Educating Myself About Raising A Daughter
For several years, I’ve been listening to well-respected radio talk show host Dave Ramsey. His show focuses on personal finance and handling money, but he sometimes dives into other issues, as well. He himself has raised two daughters (and a son) and he has offered some very valuable insight over the years. On many, many occasions I have heard him recommend a book to fathers who were having issues with their daughters. He speaks so highly of this book over and over again, year after year. He’s even had the author of the book on his show for a special hour where they discussed the contents of the book and answered questions from callers.
I’ve always taken Dave’s advice very seriously and have put much of it into practice. I’ve always known that this is a book that I want to read, but I didn’t have a daughter so I didn’t really have a reason to read it. I’ve even bought the book in the past to give out as a gift to a new father of a daughter.

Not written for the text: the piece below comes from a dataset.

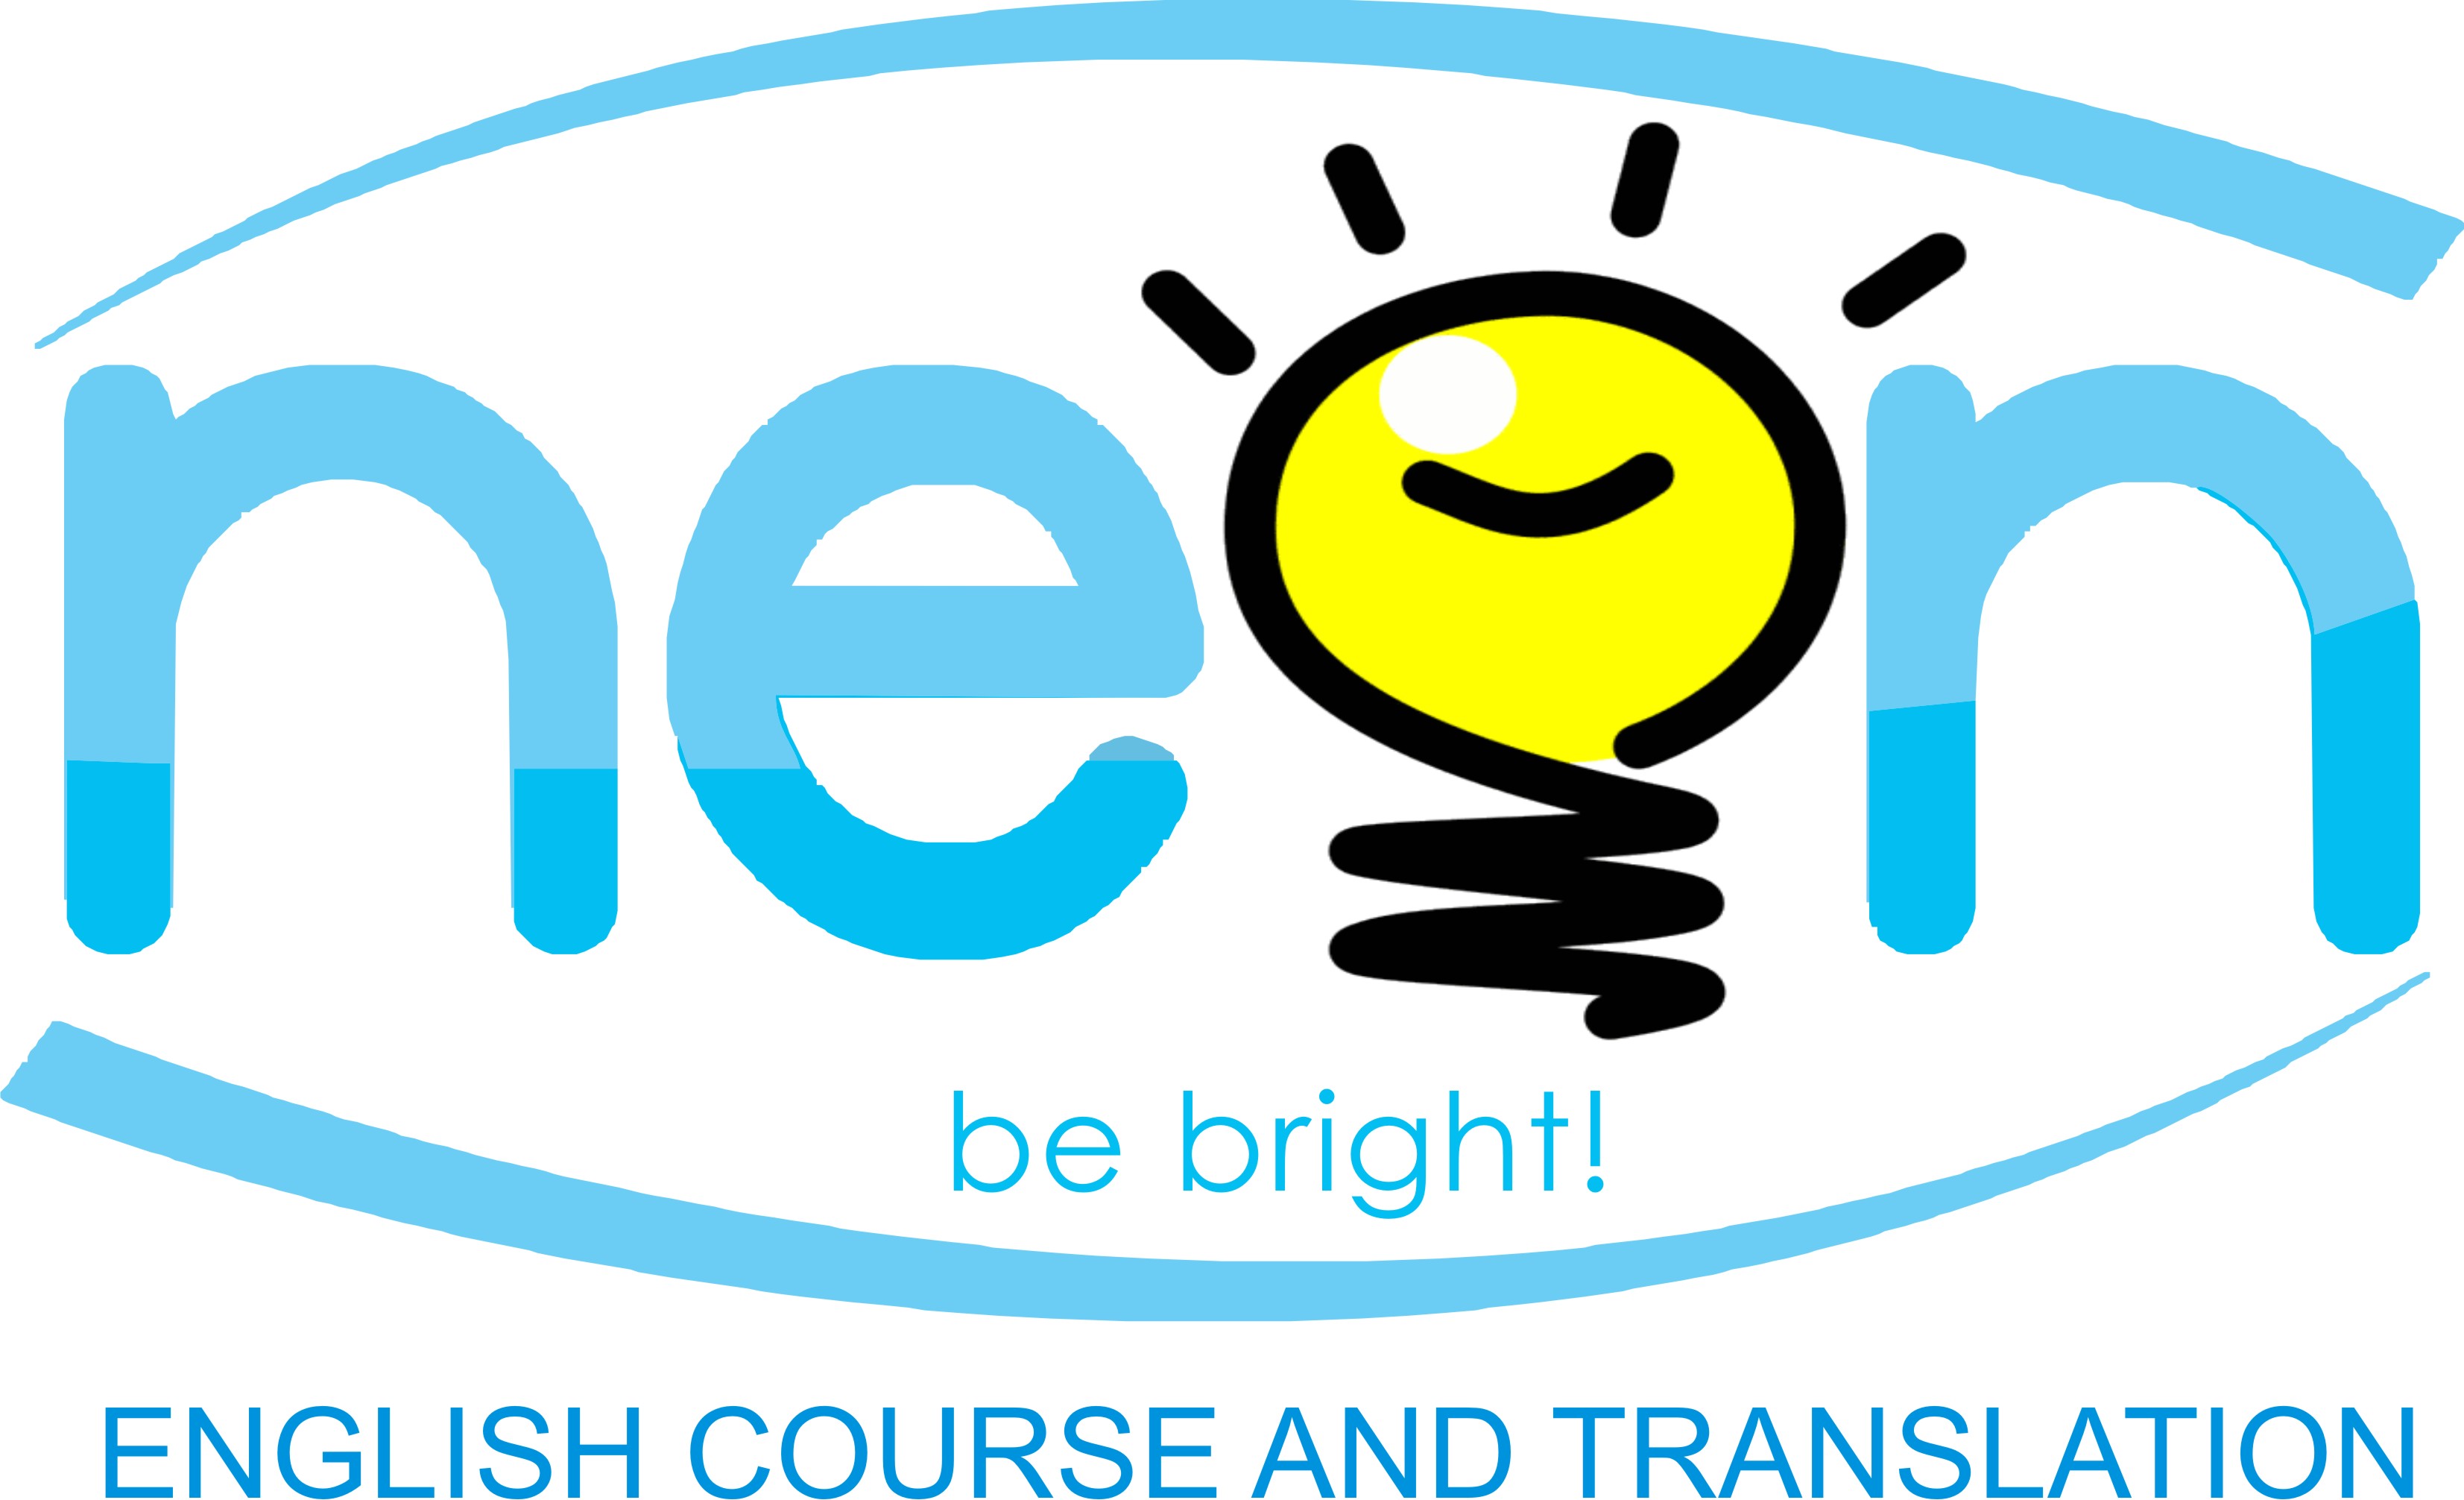 NEON English Course and Translation

The book is called, Strong Fathers, Strong Daughters: 10 Secrets Every Father Should Know. It is written by Meg Meeker, M.D., who has more than twenty years of experience in pediatric and adolescent medicine and counseling teens and parents. One of the several hundred positive reviews for this book on Amazon reads like this:
My husband and I label this book as a “must read” for any daddy raising a daughter! We never realized the impact a father has on setting the course for his daughter’s life until reading this book. It heightens the motivation to be that special man in your daughter’s eyes. The author had a wonderful way of touching our hearts and opening our eyes to the role played by the father.
I bought this book via my Kindle app on my Android phone the day after my daughter was born, while we were still in the hospital. I couldn’t wait until we got out. I started reading and got through 33% of the book before we even left the hospital. It is that good! How do I know I got through exactly 33% you ask? Because my Kindle app told me! If you haven’t tried reading on a Kindle or with a Kindle app yet, you should give it a try. It is awesome. After reading a third of the book, I can tell you that this book is not a drag or a bore like you might expect from a self-help type book. Dr. Meeker does a fabulous job of mixing common sense advice from a girl’s perspective towards dads with real anecdotal stories from her years of experience with counseling troubled teens and their parents.
Changing My Parenting Mindset
For me, raising a couple of boys was easy. I am a boy. I know how boys think. I remember what I was like even as a young child. I can totally relate to everything that my sons are going through. Having a daughter is really a complete game changer for me. Sure, I’ve had plenty of girls in my life. I have two younger sisters, a mother, grandmothers, friends, classmates and even a wife. But I’ve never had a little girl who looks up to me as her one and only father. I’ve been a father figure before, but being a true father of a daughter is the real deal. There are things that I don’t know and things that I want to learn.
After having started to read Strong Fathers, Strong Daughters, I realize that there is so much I didn’t know about what goes on inside the head of a little girl. I am very glad that this book came as such a high recommendation by Dave Ramsey. There are tons of daddy/daughter books out there, and I’m sure I will read more over the years. But I’m grateful that I got this one first, to start a solid foundation for being the best father possible to my new daughter. I already know that this is a book I will be reading every couple of years as my daughter grows older. After learning the profound effect that a father has on a daughter, more of an effect than anybody else, I’ve realized the importance of getting this right. Being the best daddy ever to my daughter is something that I can’t screw up. I will continue to educate myself over the years by reading books like this and other materials that I can find.
Readers: Have you heard of or even read this book yourself? What did you think if you did? Any advice for a new daddy of a daughter, either money advice or life advice in general?